Sunday , February 19, 2017 - 5:00 AM11 comments
OGDEN — Looking at the muddy slope behind his boyhood home, at the boulders strewn across the property, at the expensive home perched precariously up above it all, Lance Youngberg gets uneasy.
“I’m worried about the whole house coming down,” he says. “Where’s it going to come? Right here.”
As is, the Youngberg family’s two horses, Two Pence and Quizzy, use the open land behind their home, about 9 acres, to graze and roam. But ever since the neighbor to the rear, Bennett Thurgood, built what was supposed to be his dream home high on the bench in the Shadow Valley area of Ogden, things have changed.
The horses remain, but as the slope sustaining the Thurgood house erodes, as the dirt washes out and flows downward, the Youngbergs are left with muck on their property.
The retaining wall meant to bolster the hill holding the home has disintegrated, leaving large rocks over the north end of the property and a sense of gloom as the Thurgood structure seemingly teeters up above.
Thurgood filed suit in 2nd District Court in Ogden in 2015 against the varied contractors that built the home, blaming them for the problems and seeking compensation.
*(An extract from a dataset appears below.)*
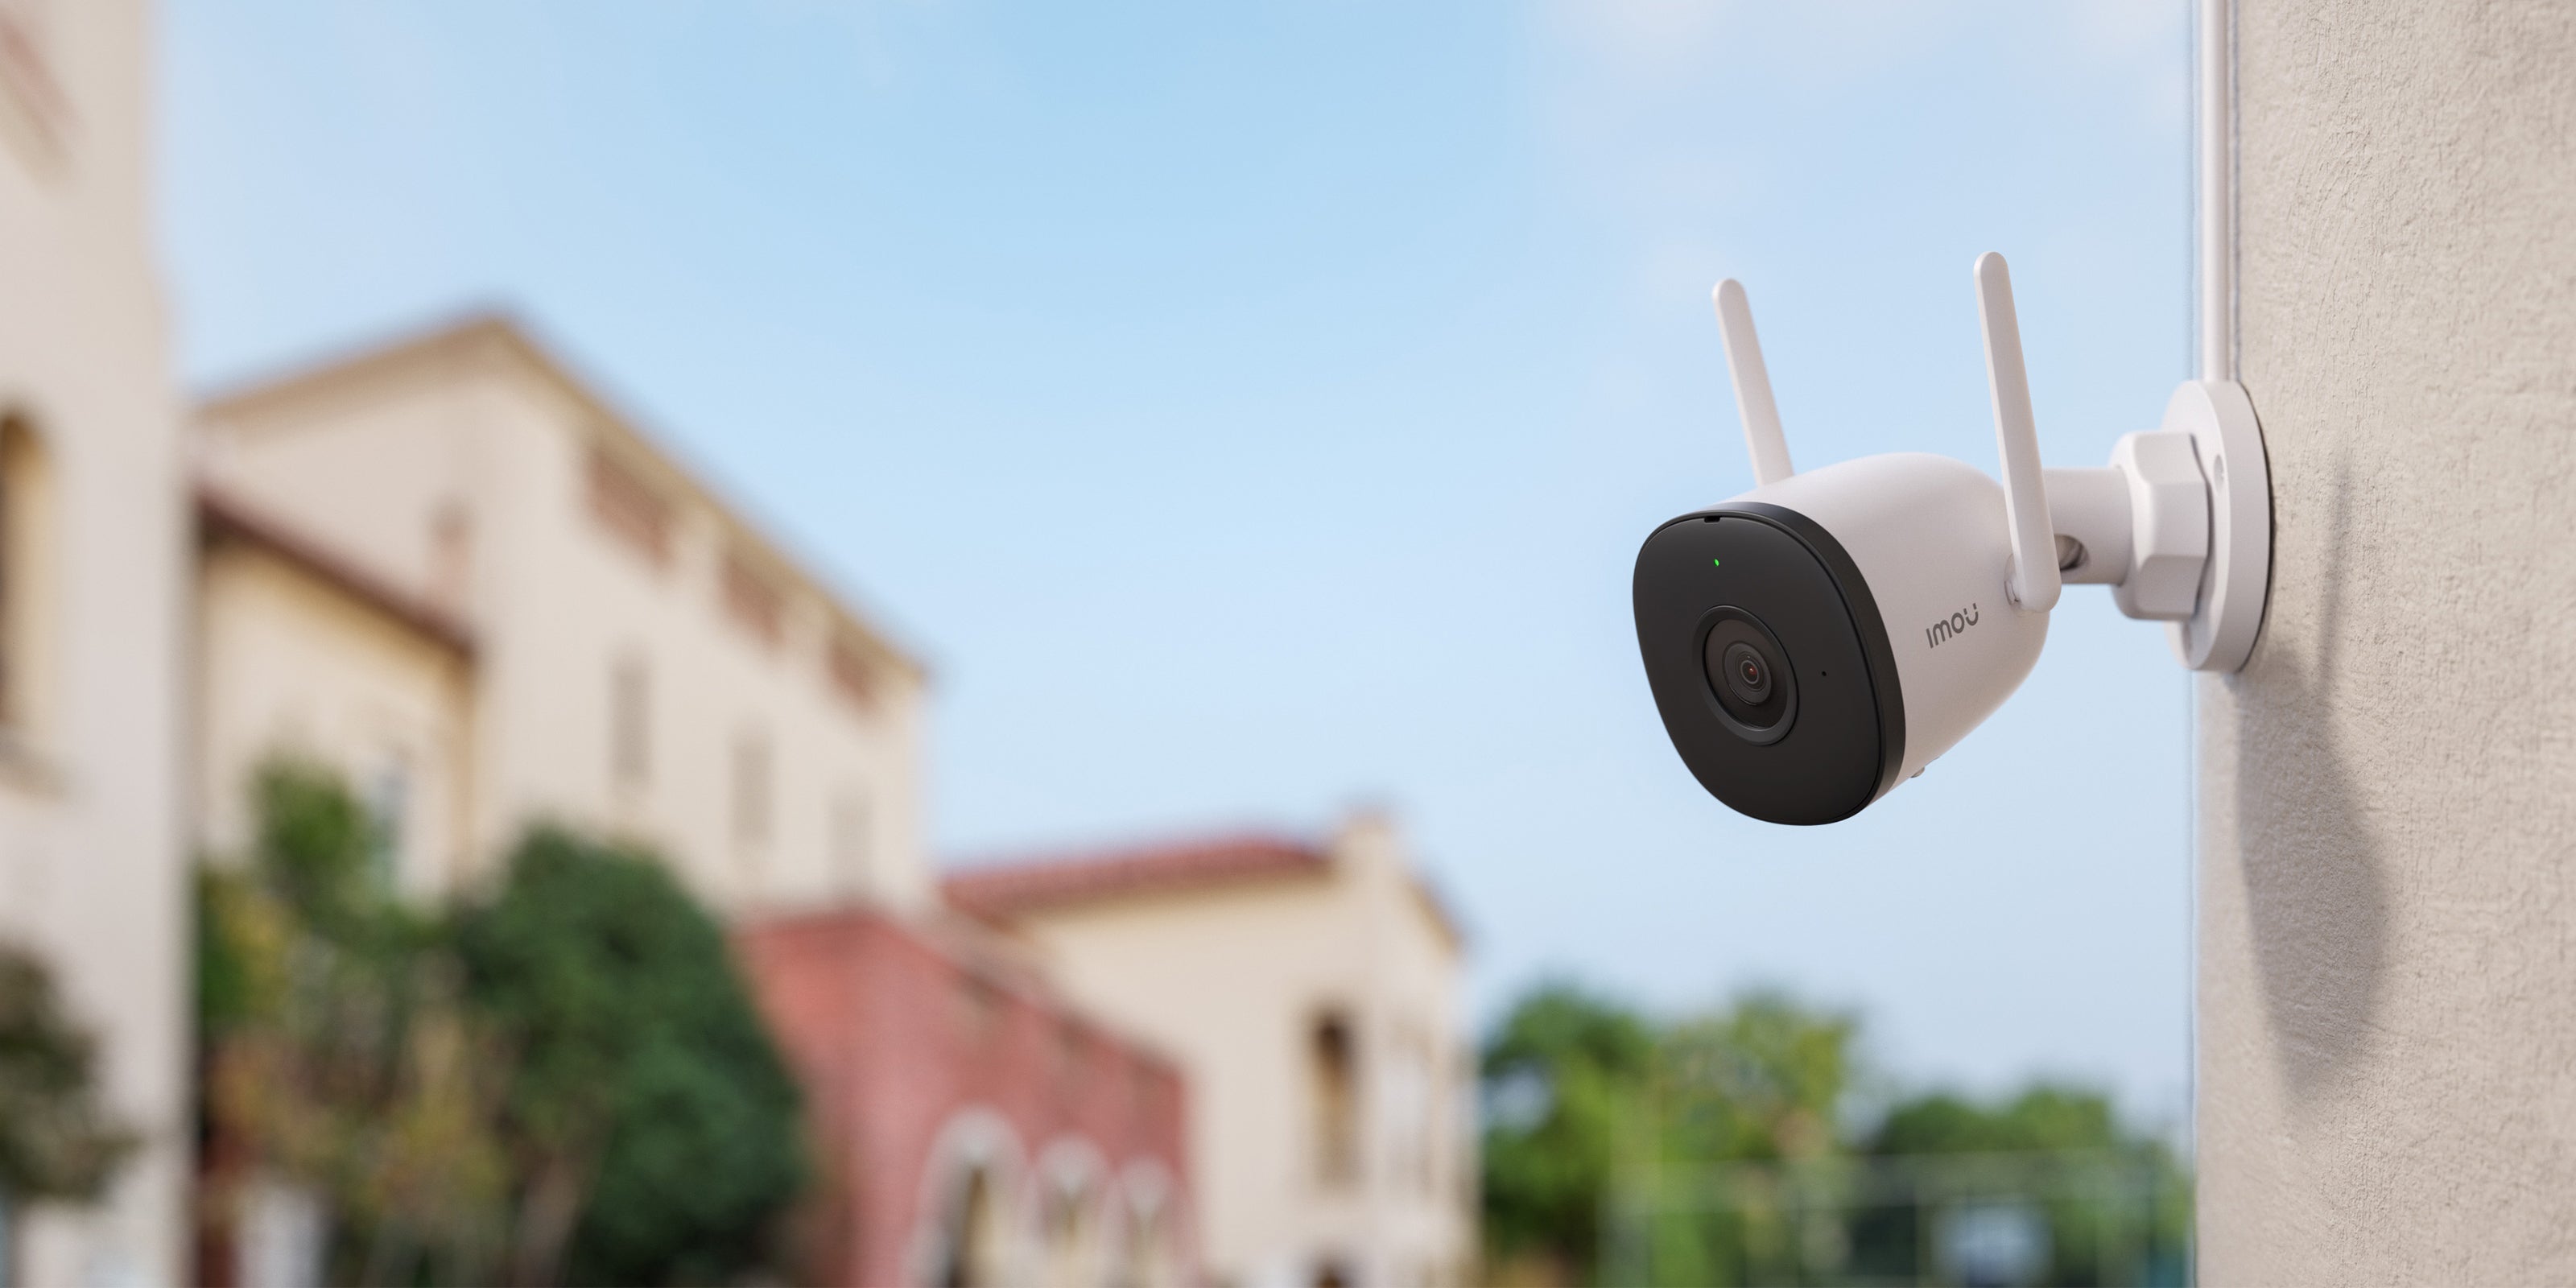 Test Imou Bullet 2E : une caméra de surveillance Wifi ou filaire à prix  tout doux - CNET France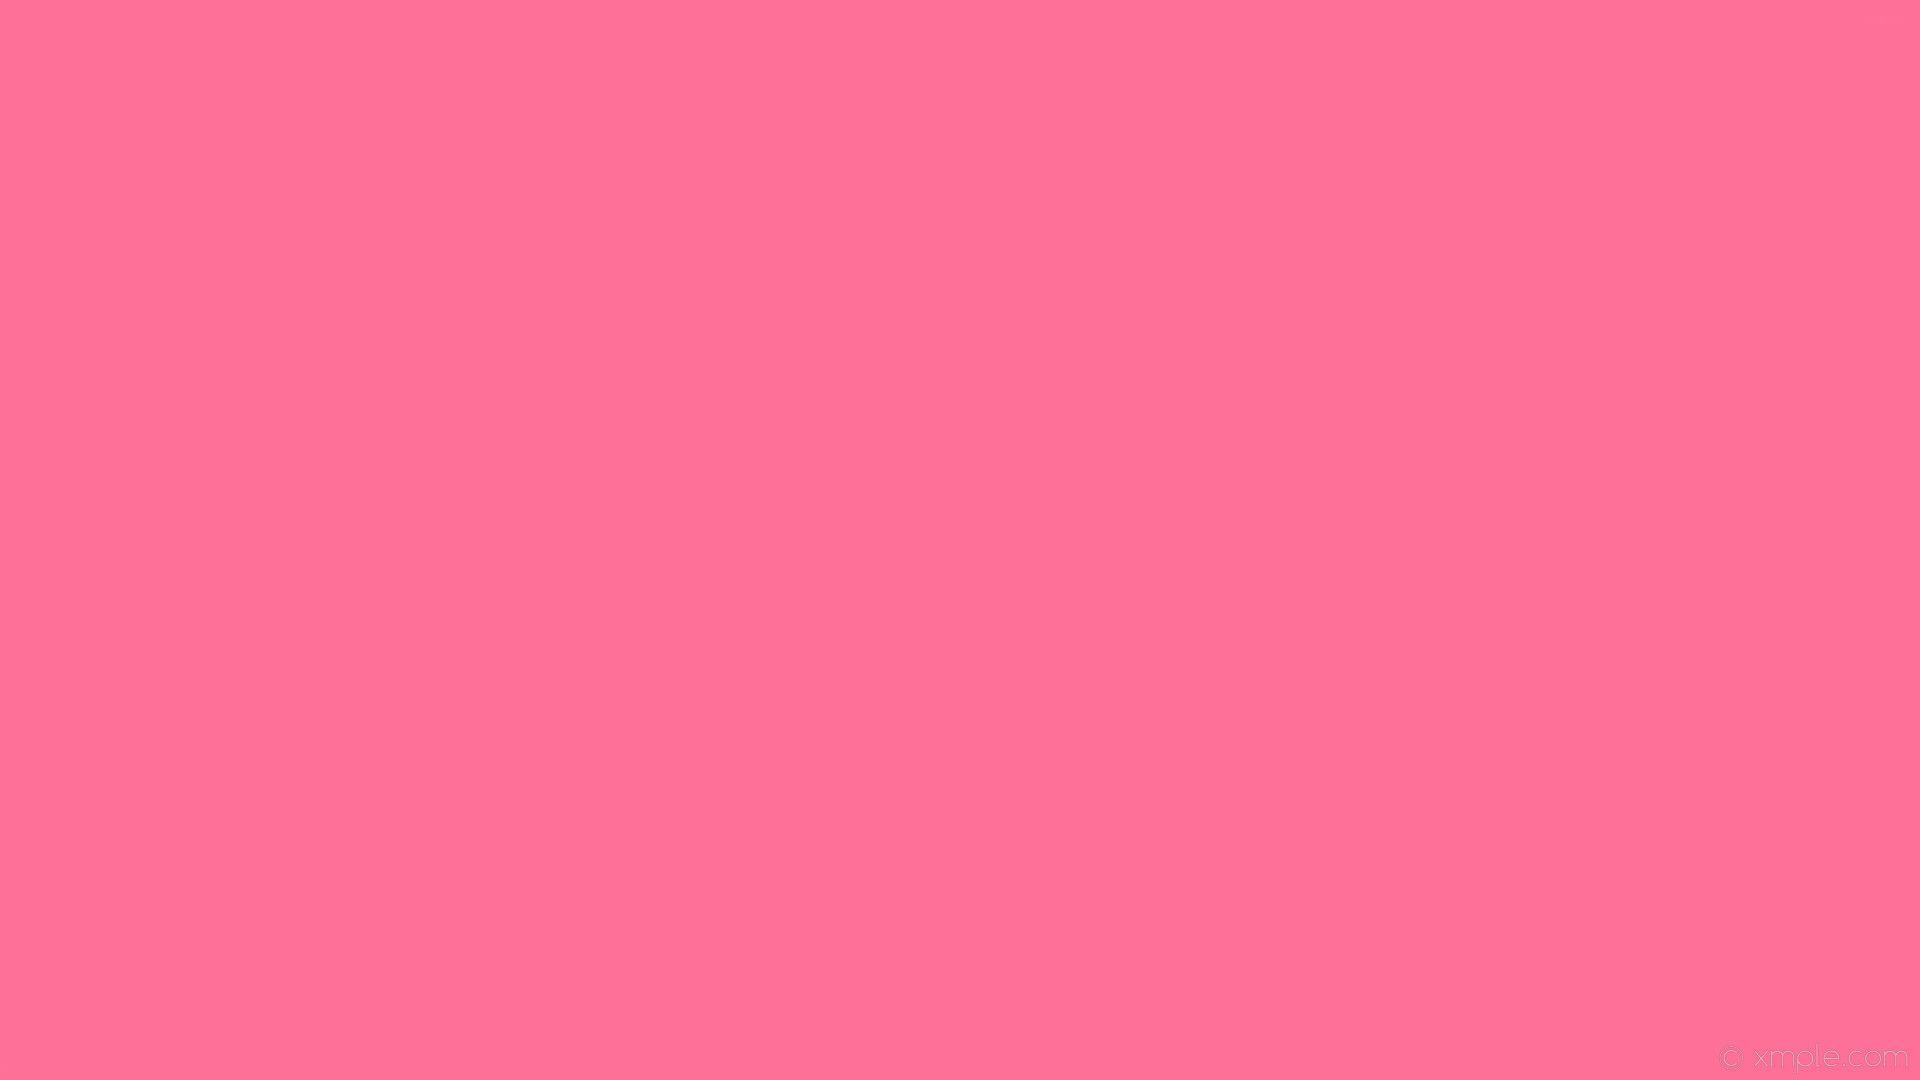 Hình nền màu hồng đơn sắc là lựa chọn hoàn hảo để tạo ra những trang trí đơn giản và tinh tế. Gam màu này mang đến sự nữ tính, ngọt ngào nhưng không kém phần sang trọng, thích hợp cho bất kỳ loại ứng dụng, thiết kế nào. Tải ngay những hình ảnh liên quan để sở hữu những hình nền màu hồng đơn sắc tuyệt đẹp.

He, his wife and the couple’s two kids moved in to the home in January 2015, freshly completed, then moved out October 2016. They were worried about the erosion and extensive cracks and sagging in the foundation closest to the falloff, along the southern half of the home.
With no immediate end in sight to Thurgood’s lawsuit, though, Youngberg gets frustrated and vocal. The contractors deny any wrongdoing in the matter.
“We need to get this taken care of now,” Youngberg said.
His father, W.R. Youngberg, the owner of the property downhill from Thurgood’s home, has filed his own legal claim, seeking compensation from Thurgood for the damage to the property. The erosion has killed off the tall grass on about two acres of land — vegetation Quizzy and Two Pence used to eat — and the rocks that used to serve as the retaining wall need to be removed.
The younger Youngberg, meanwhile, suggests the long-term fix may be tearing down the home — built at a cost of $800,000 — and hauling the rubble to the dump.
Thurgood — who’s had the home braced with piers forced deep into the ground below the structure — sympathizes and understands Youngberg’s frustration. He wishes the neighbors would join in his lawsuit against the contractors.
“I wish there was more that I could do right now,” Thurgood said.
Meanwhile, the court cases continue. The Youngberg claim against Thurgood, originally filed in small claims court in Ogden seeking around $10,000 in damages, has been bumped to 2nd District Court, according to court records. Thurgood has yet to formally respond to the lawsuit.
W.R. Youngberg built his home in the late 1970s, seeking a piece of the country. Back then, his was about the only house in the area, according to his son.
Lance Youngberg remembers riding horses as a child in the rugged terrain, traveling up the slope — to where the Thurgood home and other homes now sit — and beyond. “You could just go miles and miles and there was nothing,” he said.
Now, the Youngbergs have more neighbors and the hill up above is full of homes, including Thurgood’s. He doesn’t begrudge the growth, though. Except for Thurgood’s, the other homes built on the hill up above have held their ground, as have the retaining walls bolstering the slopes below them.
“It’s progress. Nothing we can really do about it,” said Lance Youngberg, a businessman who also spends time in Salt Lake City.
It’s just the eroding slope behind the Thurgood home, the boulders scattered in his backyard and the home on the precipice that get to him. The erosion around the Thurgood property began even before the home was complete, he said, and the retaining wall started to bulge only months after it was done.
The developers were overly reliant on fill, Youngberg suspects, not building on firm-enough ground. He worries that the hillside will just “bleed and bleed” as the Thurgood lawsuit winds its way through court toward resolution.
“The whole thing’s just a mess and kind of needs to be taken care of,” Youngberg said. “You got to live on solid ground.”